Catalyst ligands

1662-01-7, 4,7-Diphenyl-1,10-phenanthroline is a catalyst-ligand compound, ?involved in a variety of chemical synthesis. Rlated chemical reaction is continuously updated

Synthesis of 2,4,7-triphenyl-1,10-phenanthrolineTo a three-necked flask of 250 ml, 0.97 g (6.16 mmol) of bromobenzene and 70 ml of THF were charged, then 3.9 ml (22 mmol) n-butyllithium (1.6M in Hexane solution) was dropped under stirring at -78 C. in a nitrogen atmosphere. The mixture was stirred for one hour at -78 C., and a solution of 1.86 g (5.6 mmol) 4,7-diphenyl-1,10-phenanthroline in 30 ml THF was dropped. Then the mixture was stirred at room temperature for overnight and was added with water. The organic layer was extracted with Dichloromethane and dried with anhydrous magnesium sulfate, the solvent was removed by rotary evaporation. The product was purified by column chromatography on alumina using Dichloromethane/Hexane as eluent and dried in vacuo, obtaining white powder compound 0.85 g (yield of 37.21%).
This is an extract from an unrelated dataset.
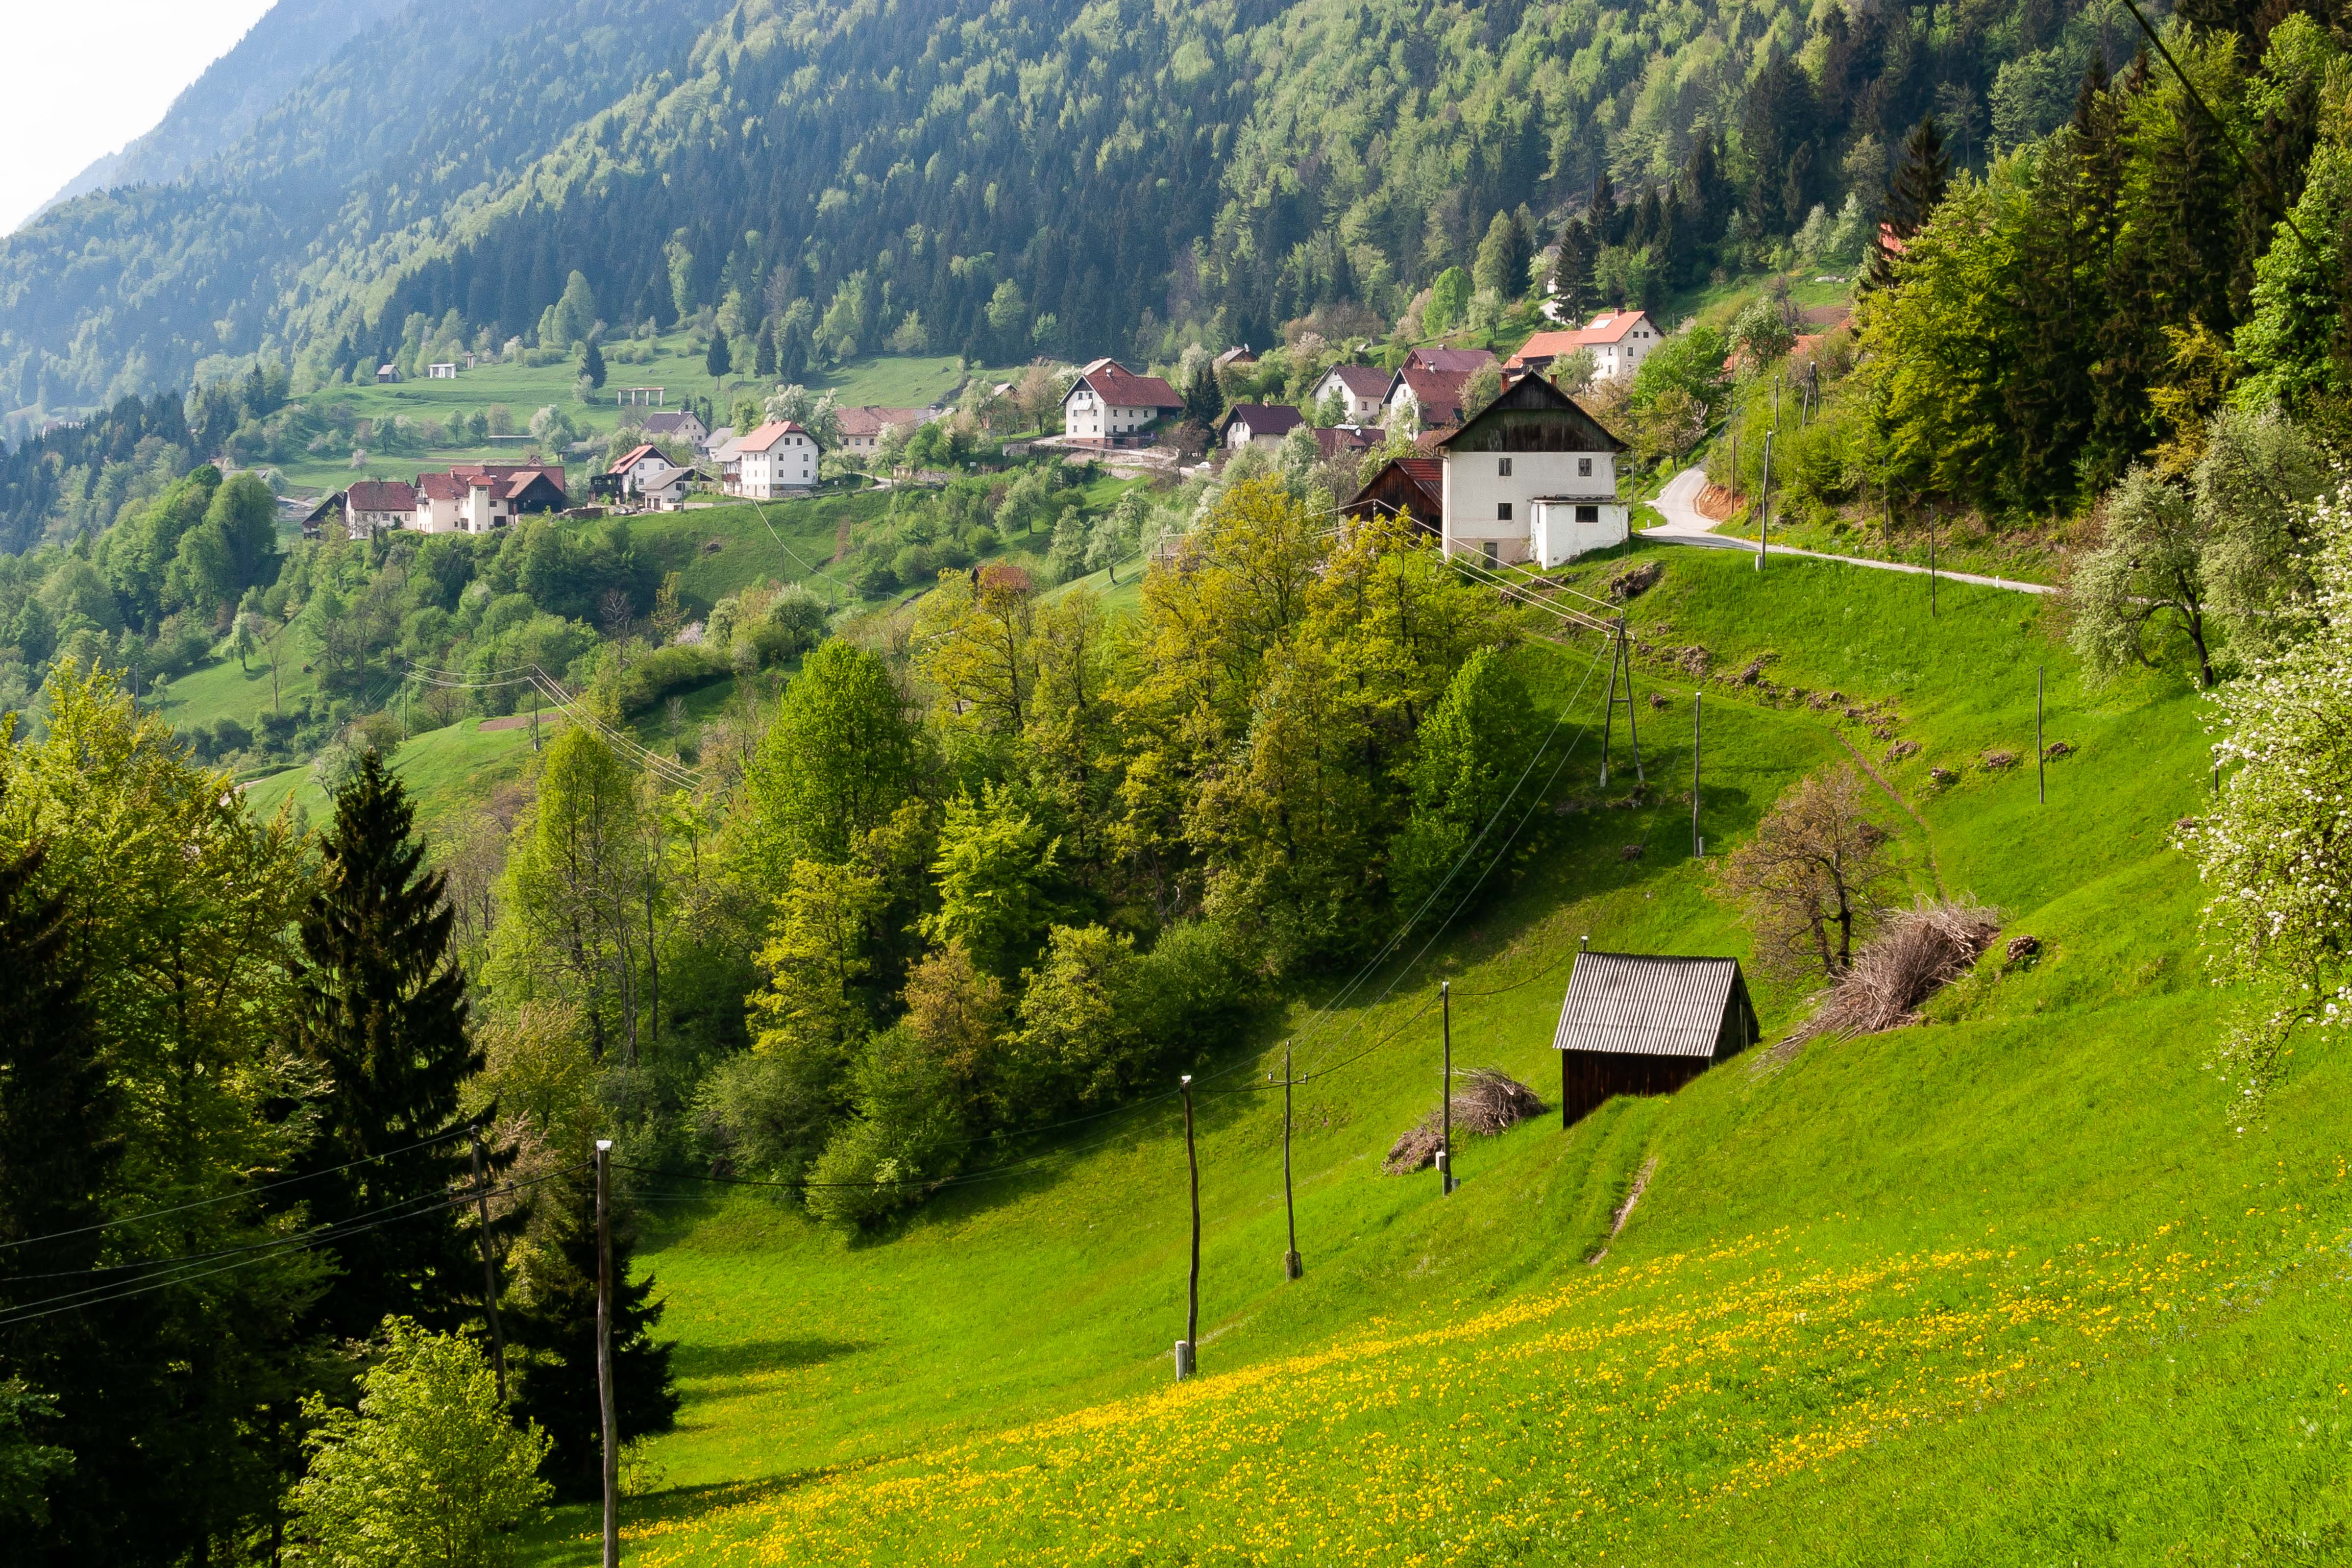 Slovenia, Zelezniki Prov, Village, 2006, IMG 6294

1662-01-7, 1662-01-7 4,7-Diphenyl-1,10-phenanthroline 72812, acatalyst-ligand compound, is more and more widely used in various fields.

Reference£º
Patent; Yen, Feng Wen; US2008/265746; (2008); A1;,
Metal catalyst and ligand design
Ligand Template Strategies for Catalyst Encapsulation – NCBI

With the rapid development and complex challenges of chemical substances, new drug synthesis pathways are usually the most effective.168646-54-6,5,6-Diamino-1,10-phenanthroline,as a common compound, the synthetic route is as follows.
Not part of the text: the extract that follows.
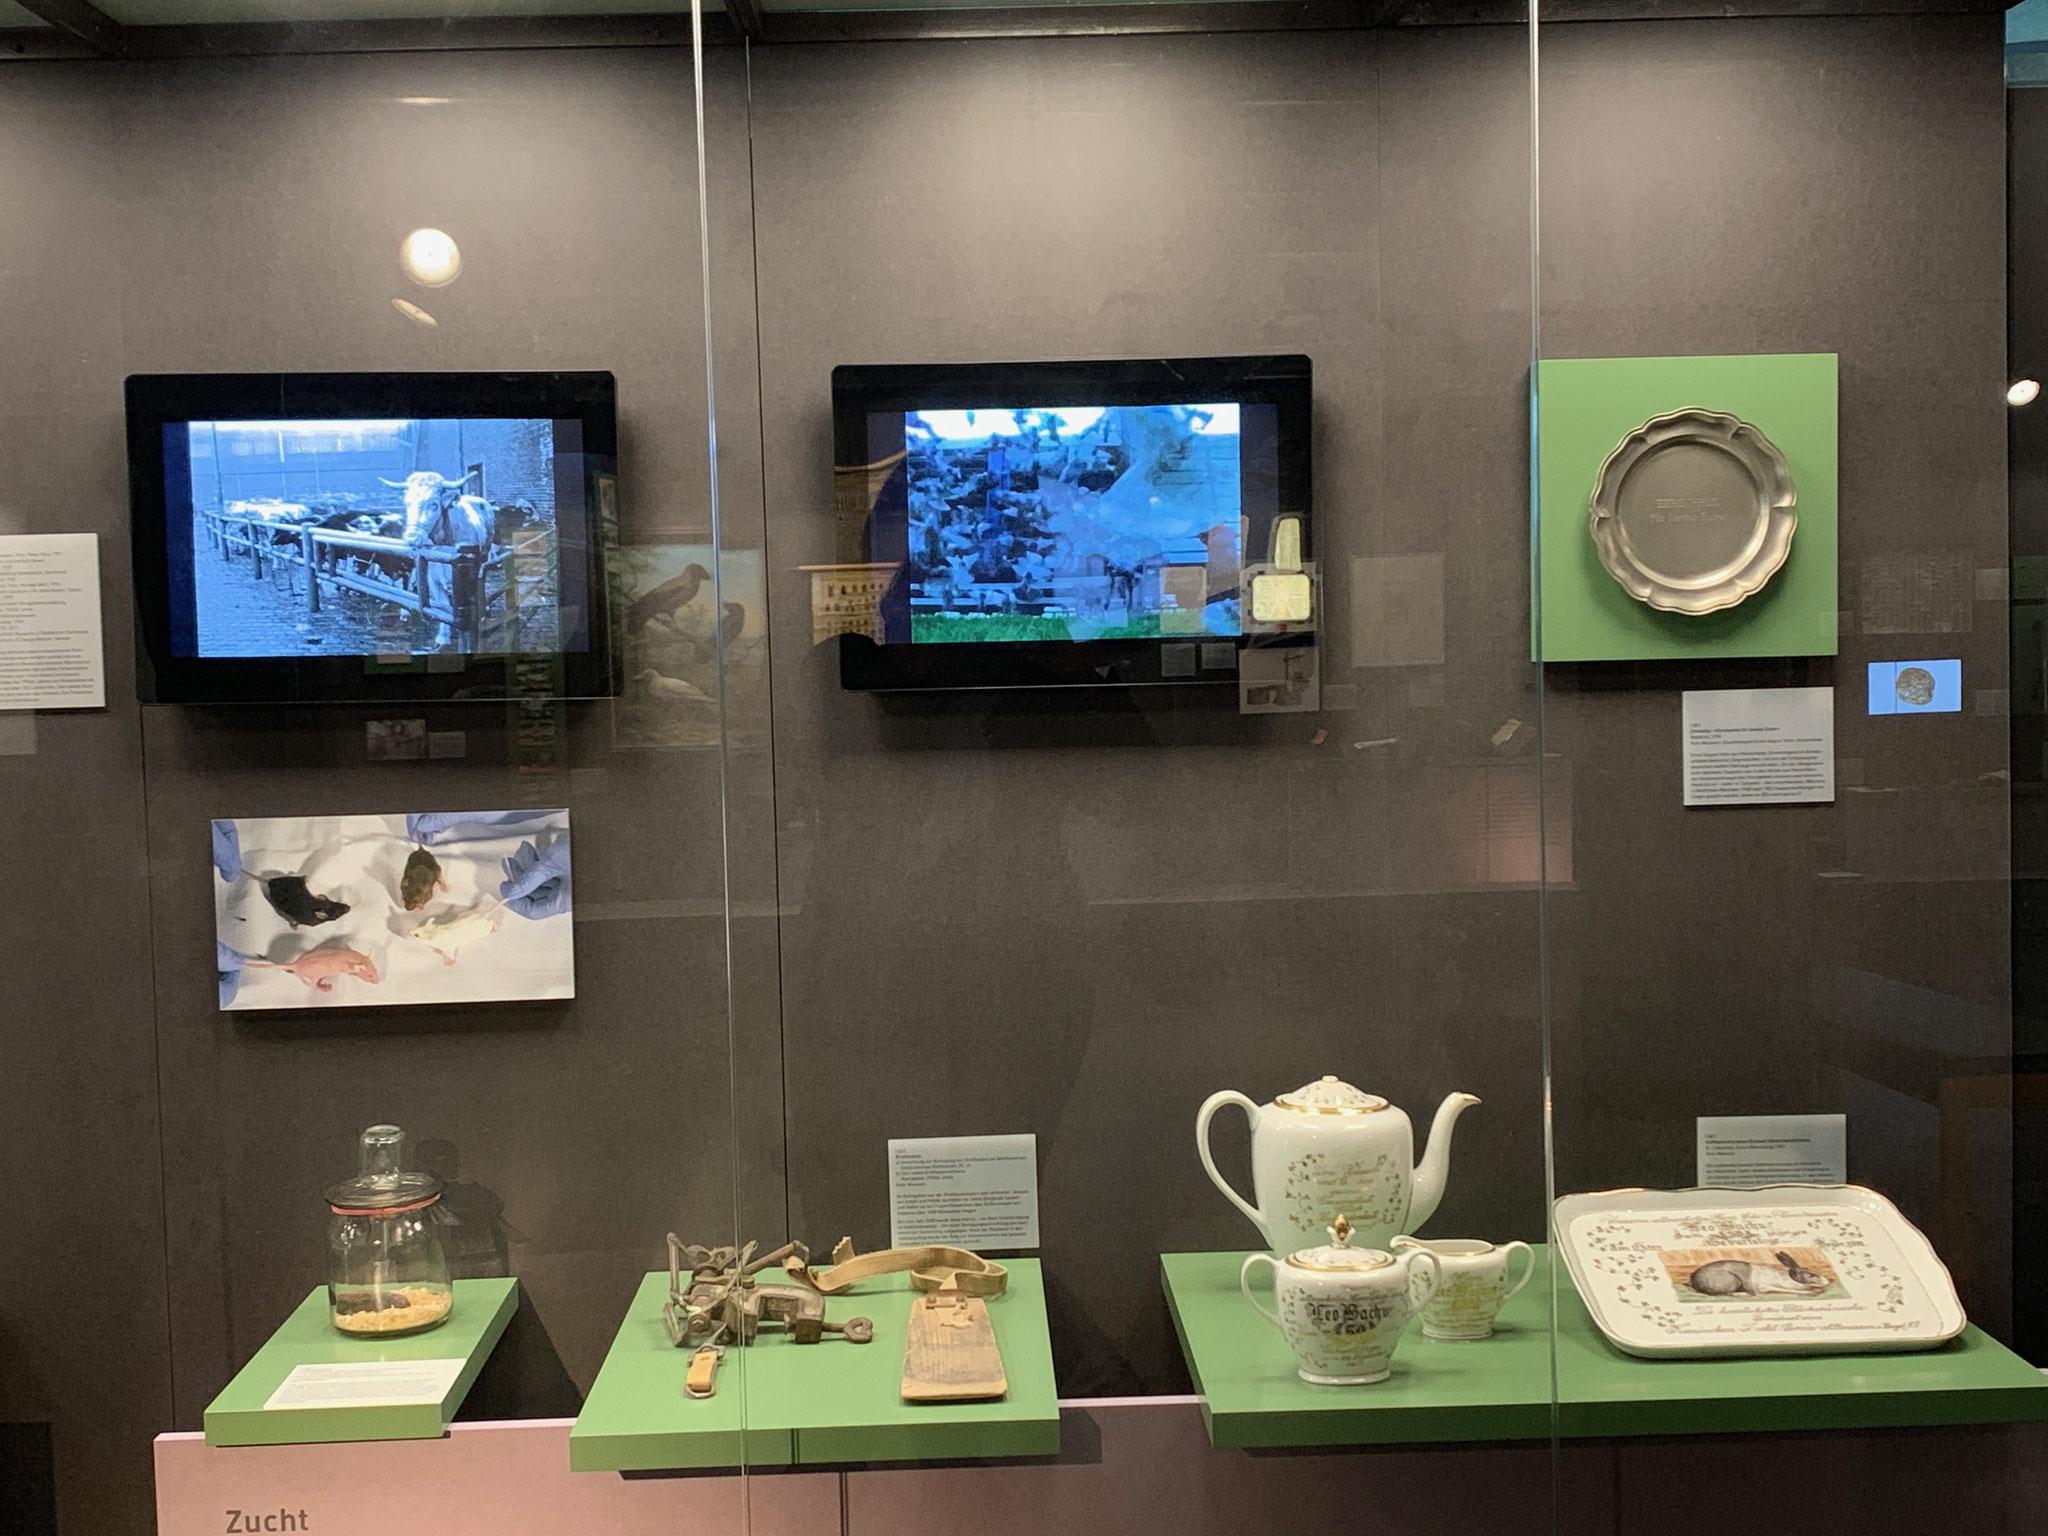 Der Fernseher in der Mitte des Bildes zeigt einen kurzen Film mit dem Auflass von Brieftauben.

5mmol of Phen-NH2, 5.5mmol of indoline-2,3-dione and 0.1mmol of 4-methylbenzenesulfonic acid were added into 25mL of ethanol and heated to reflux overnight. After cooling, the solution was poured into 300mL of cold water. The crude product was collected and recrystalized in ethanol to yield IPP as gray powder. 1H NMR (300Hz, CDCl3, 25¡ãC): delta 10.13 (d, 1H, J=8.5Hz), 9.24 (d,1H, J=2.5Hz), 9.17 (d, 1H, J=2.0Hz), 9.09 (d, 1H, J=5.5Hz), 8.55 (d, 1H, J=5.5Hz), 7.60?7.64 (m, 2H), 7.55 (d, 1H, J=8.5Hz), 7.34 (m, 2H). Anal. Calcd for C20H11N5: C, 74.76; H, 3.45; N, 21.79. Found: C, 74.67, H, 3.60; N, 21.68., 168646-54-6

As the paragraph descriping shows that 168646-54-6 is playing an increasingly important role.

Reference£º
Article; Li, Xiaogang; Zhang, Dong; Li, Jing; Spectrochimica Acta Part A: Molecular and Biomolecular Spectroscopy; vol. 127; (2014); p. 1 – 9;,
Metal catalyst and ligand design
Ligand Template Strategies for Catalyst Encapsulation – NCBI

With the rapid development and complex challenges of chemical substances, new drug synthesis pathways are usually the most effective.29841-69-8,(1S,2S)-(-)-1,2-Diphenylethylenediamine,as a common compound, the synthetic route is as follows.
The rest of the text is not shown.